The characters were described through two attributes: Body and Mind, 0 being average, 1 above average, -1 below average, etc... These work like Mythic attributes. Then, I went "Risus"/"FATE v3" and simply described the characters with little sentences such as "Wannabe Explorer" and "Fan of that Cool Explorer Guy". It was pretty easy to find four or five short phrases describing each main character.
At first, I gave these ratings (1, 2, ...) but then I discovered Lady Blackbird that very day and used their system: if one of the phrases fits the situation, add a bonus rank to your roll (+10% with Mythic). If you're trying to calm down a wild animal and you have "Best Friend of all Animals" as a description of your character, you'll start with your Mind attribute and add a rank. If you have "Explorer of the Wild", you'll add another rank because, well, it's a wild animal.
Of note: I picked something from FATE v3 in that some of the phrases were goals and motivations rather than skills, just like Aspects might be. This would yield bonus ranks if your action happened to follow one of these goals directly.

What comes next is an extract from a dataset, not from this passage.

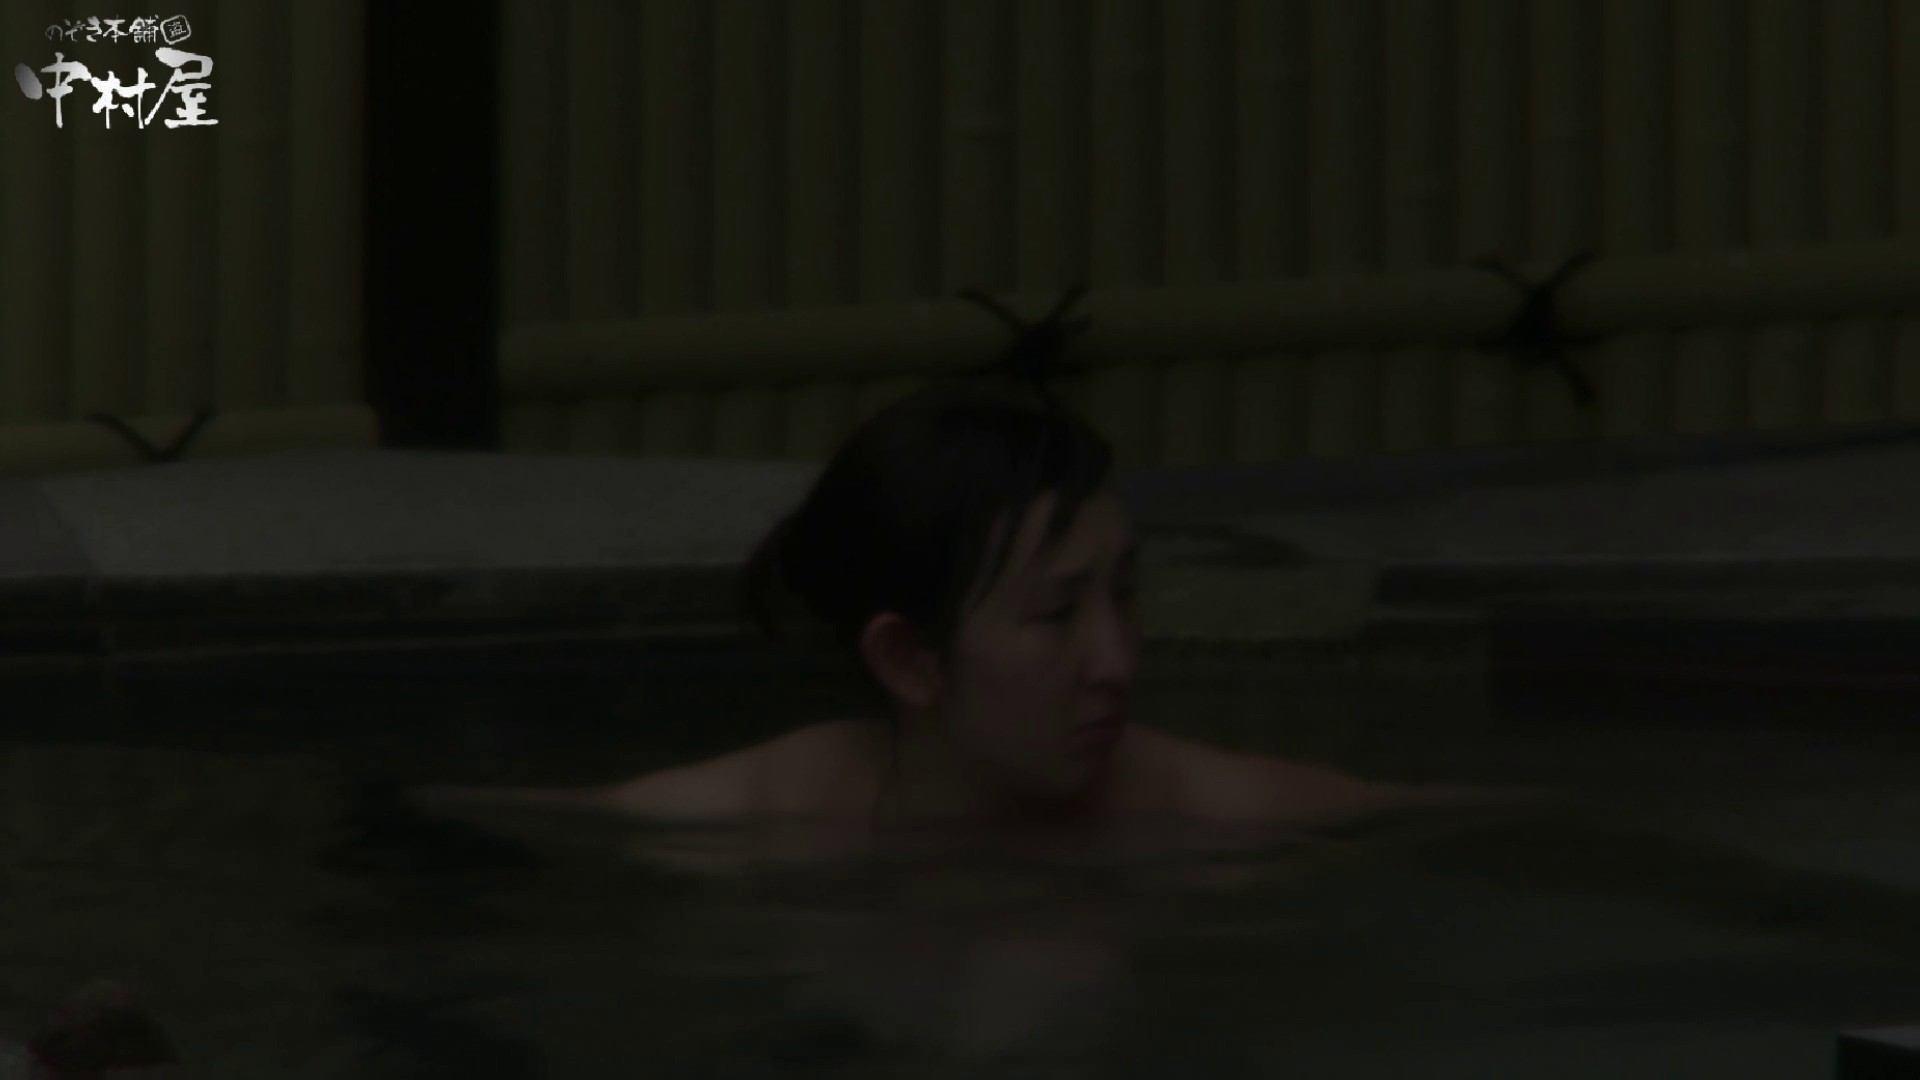 Aquaな露天風呂Vol.948 盗撮動画 | 露天風呂  11枚 1

Apart from game mechanics, Mythic was used to generate obstacles and the scene system was used with its characters and threads lists.

How it went

Pretty good! It seemed like everyone actually enjoyed the session more genuinely than it might have been last time. The "describing phrases" system was grasped very quickly and dice rolls were easy to prepare: pick Body or Mind depending on wether it was a physical or intellectual challenge, then go through the character description and add a rank for each fitting phrase. This would give us xx% chances of success, followed by the d100 roll of course.
I also kept Mythic's "Extreme Yes/No" rolls which gave us some interesting surprises.

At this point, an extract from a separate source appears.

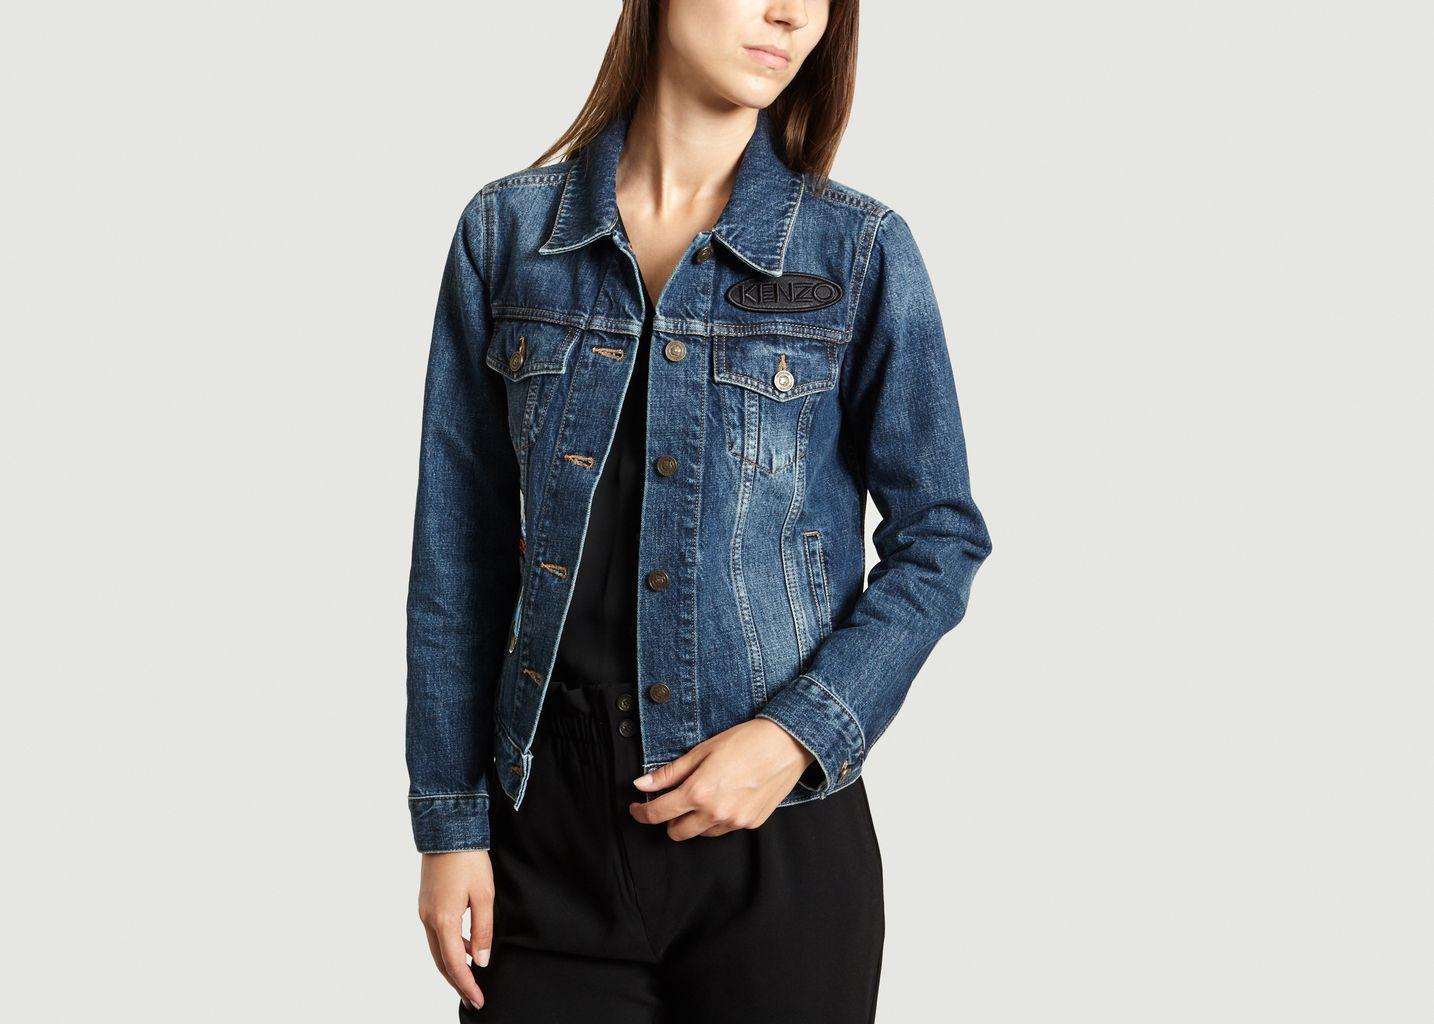 veste patchs kenzo bleu marine l 39 exception. Black Bedroom Furniture Sets. Home Design Ideas

Mythic's GM emulator was mostly used by myself, since I didn't have any character to play at first (I was waiting for a new NPC to appear and take its role). I asked questions that I hoped would yield some obstacles or fun situations. Following my lead, my parents soon started asking questions of their own. Furthermore, my mother came up with a story of her own at some point and I let her explain it. I only stopped her after some good exposition to keep her surprised by having Mythic decide a few of the finishing touches.
From that point on, though, Mythic took a nap because everyone was getting a good idea of where things were going. I tried to push Mythic forward once or twice to avoid having a single player tell the whole story, but it felt forced. I did use it still to settle some little disputes ("The next room is bigger" "Uhh, I'd have thought it would be smaller" -> "Is the room bigger? *roll*")

The GM emulator helped us a few times with its random events. Once it got us out of a rather uneventful situation and later it created tension where a character had to hide from a threat. The characters list was also used for these events. The threads list was updated with mysteries encountered during the story but didn't come up through events so far.

Considering how things went once everyone was comfortable with the story and mechanics, I think my parents would actually work better with a story-game. Probably not one with systems that push players to create stories within a framework (FATE Aspects were, I think, too restricting and meta), but one that allows everyone to chip in with bits of story. Heck, they might enjoy not *being* the characters but controlling them all "from above", so to speak. Collaborative storytelling... I know I found a game that used chips that players would use to introduce facts in a story and that could be payed off by others if they didn't like it... I bet this would work well for them.

The future

We're supposed to resume this game this afternoon but I don't know if it will be possible. My parents are leaving tomorrow and they're already tensed up (one day of car trip). If it keeps up like this, they won't be in the right mood for it and prone to bickering. We'll see...

In any case, I'll study the simplified system we used as I might enjoy it for my own games. It's easy to describe characters and very easy to find out bonuses.